======== Recorded data ========

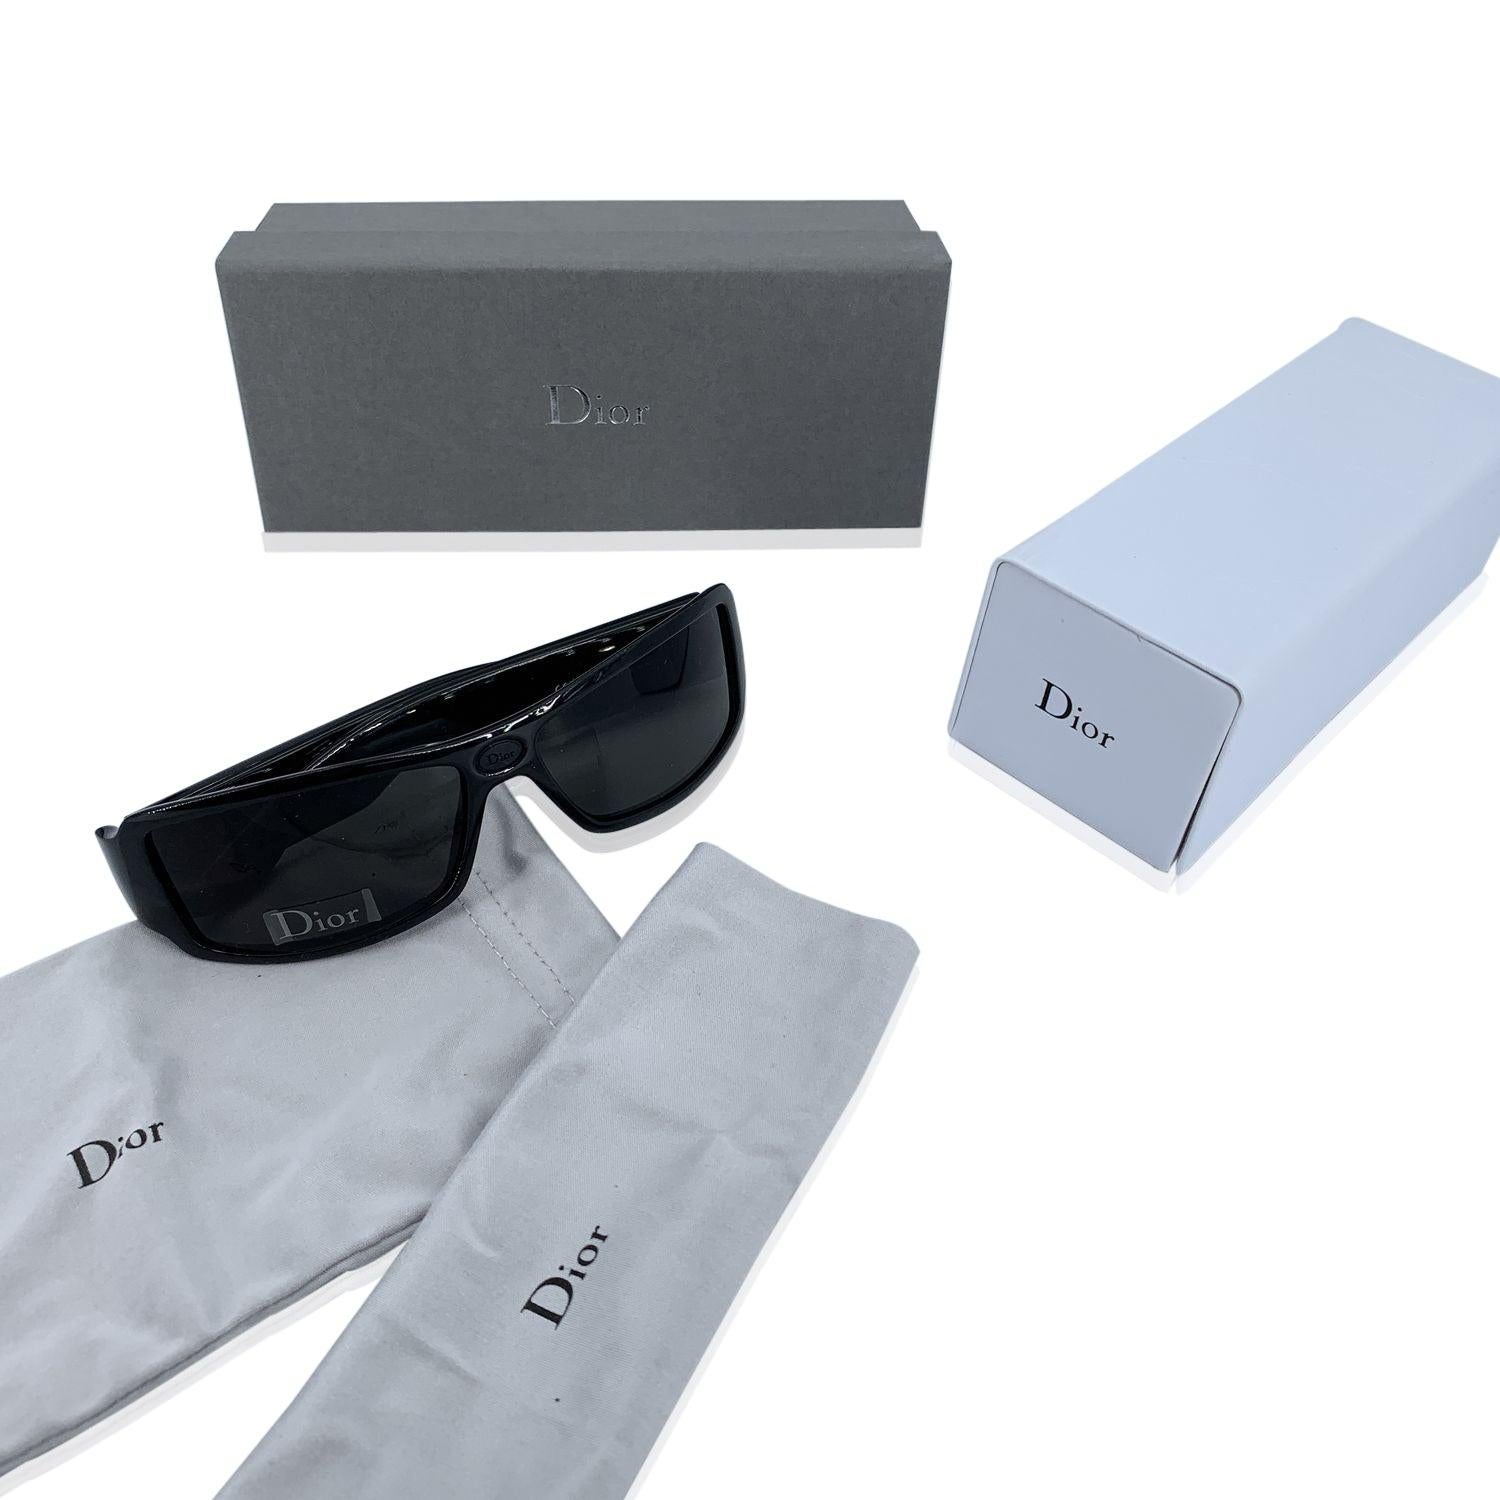 Vintage 90s unisex CHRISTIAN DIOR Rubber 2 Sunglasses, XH1. Size 59/14 130mm. Black acetate frame, sides with monogram Oblique rubber panels on ears. 100% Total UVA/UVB protection grey lenses. Made in Italy. Details MATERIAL: Plastic COLOR: Black
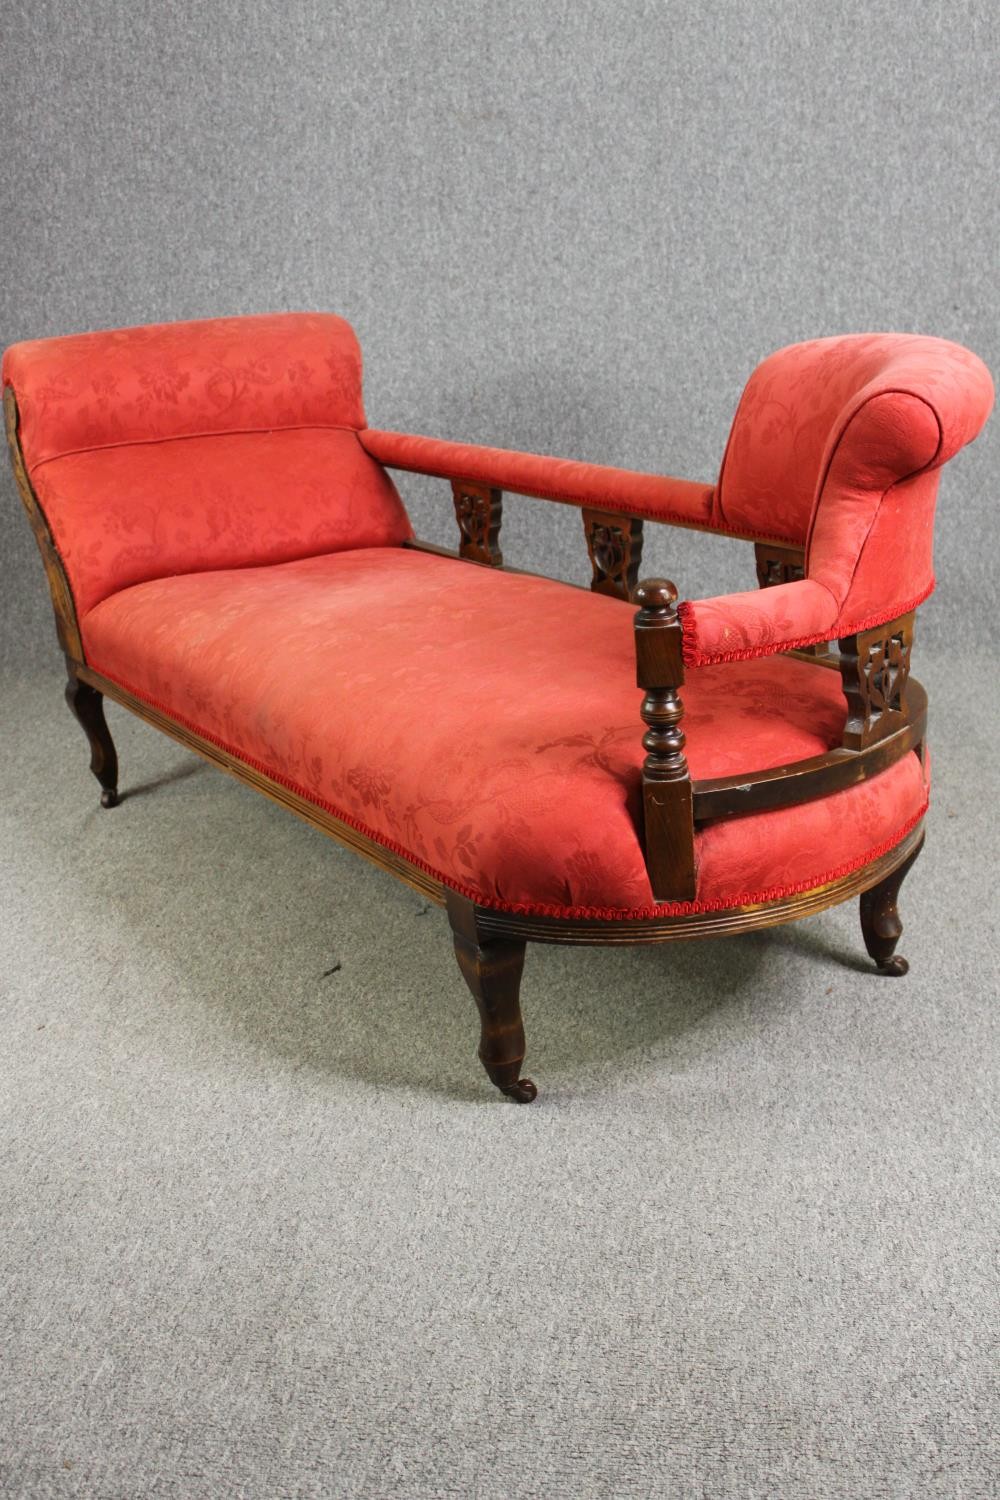 A late Victorian carved walnut chaise longue, with red damask upholstery, H.78 W.180 D.53cm. - Image 3 of 7
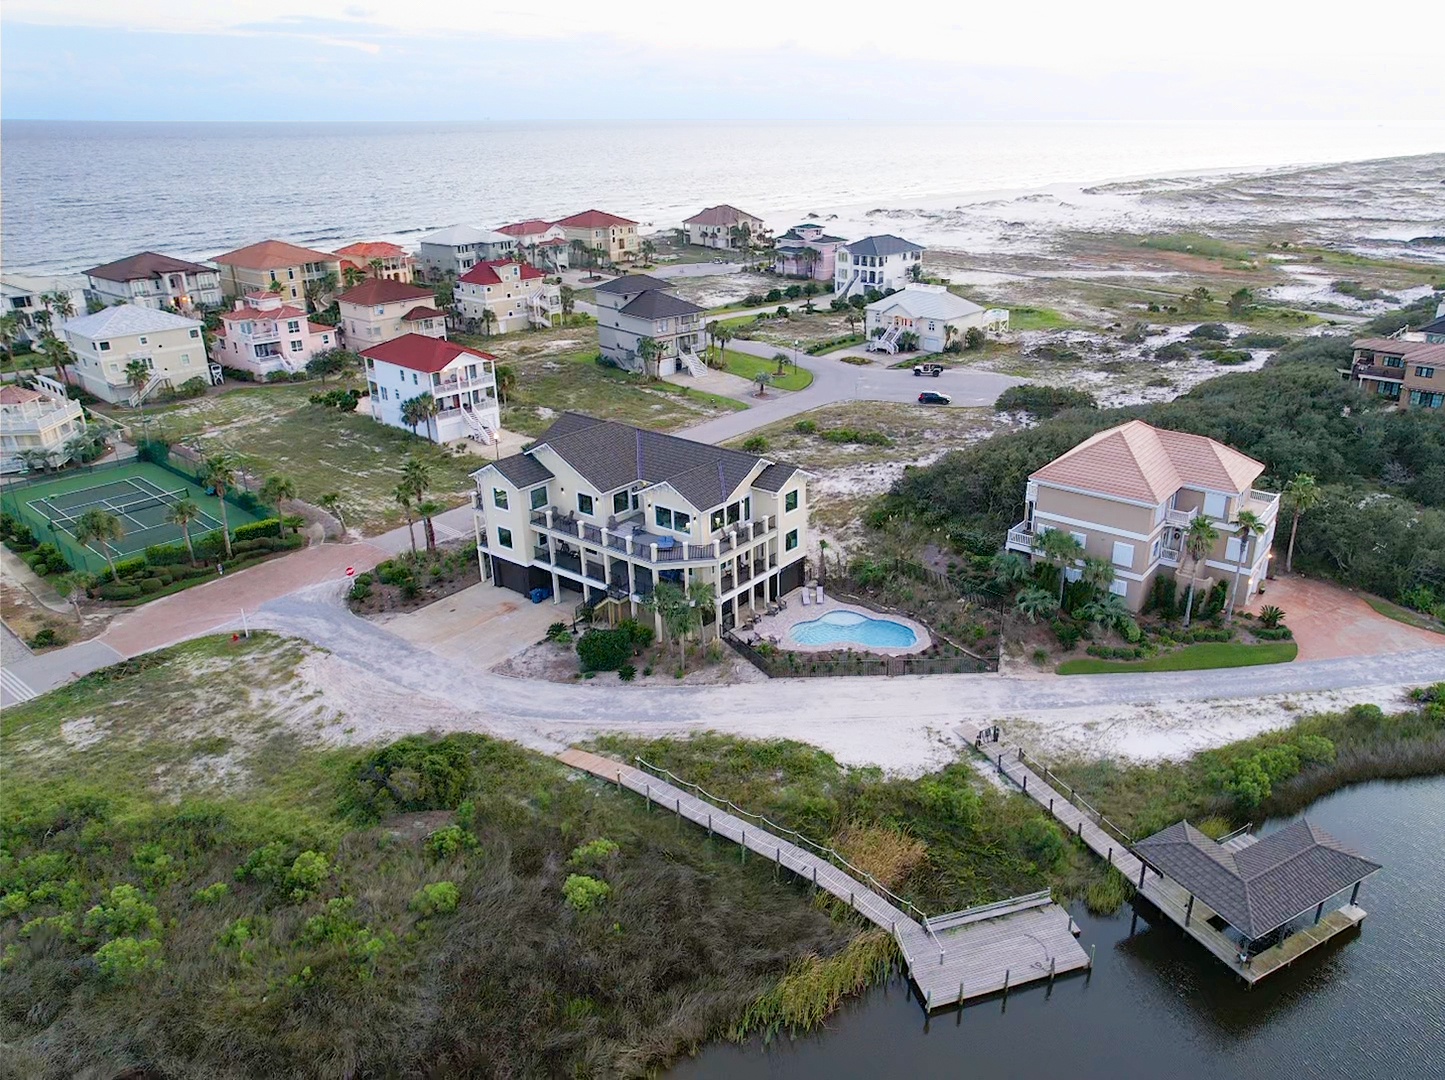 Birds eye view of home, lagoon and Gulf
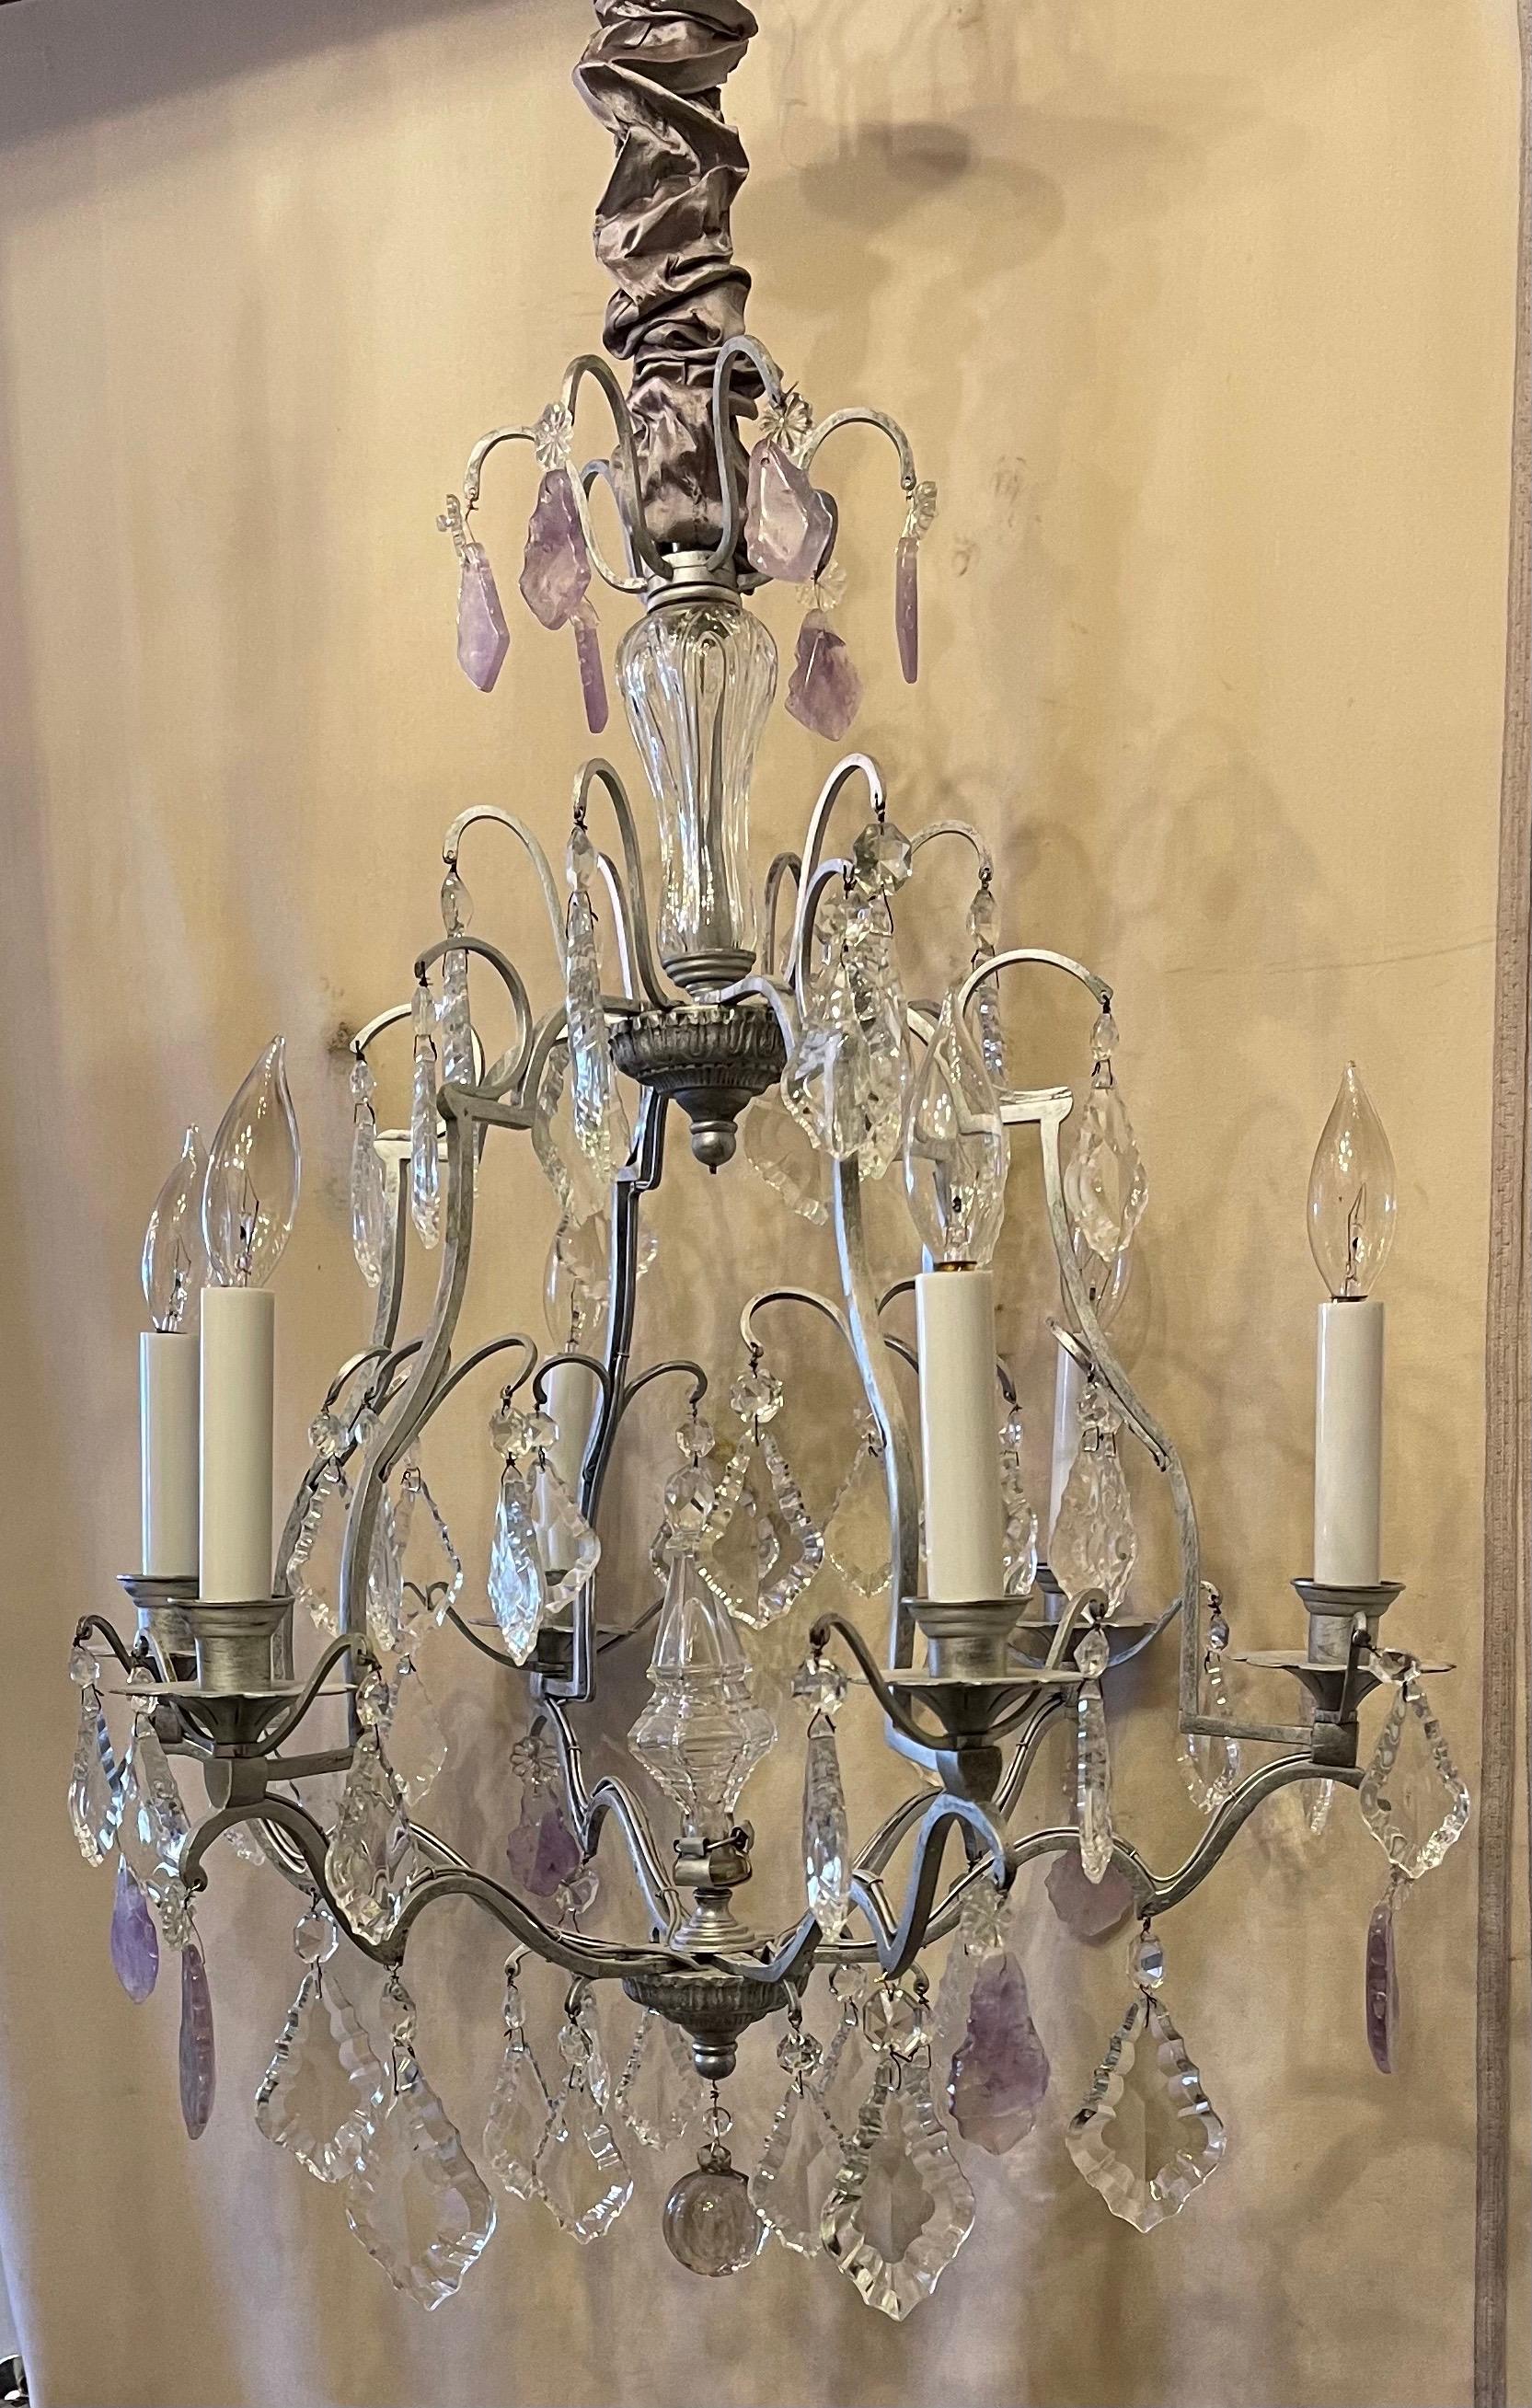 A Wonderful Silver Gilt Baguès French Louis XVI Style Amethyst & Rock Crystal Drop 6 Candelabra Light Bird Cage Chandelier, Rewired And Comes With Chain Canopy And Mounting Hardware.

========

Assigned task -
Return the material word for word, images omitted.

Exercise response -
 Vintage 90s unisex CHRISTIAN DIOR Rubber 2 Sunglasses, XH1. Size 59/14 130mm. Black acetate frame, sides with monogram Oblique rubber panels on ears. 100% Total UVA/UVB protection grey lenses. Made in Italy. Details MATERIAL: Plastic COLOR: Black
 A late Victorian carved walnut chaise longue, with red damask upholstery, H.78 W.180 D.53cm. - Image 3 of 7
 Birds eye view of home, lagoon and Gulf
 A Wonderful Silver Gilt Baguès French Louis XVI Style Amethyst & Rock Crystal Drop 6 Candelabra Light Bird Cage Chandelier, Rewired And Comes With Chain Canopy And Mounting Hardware.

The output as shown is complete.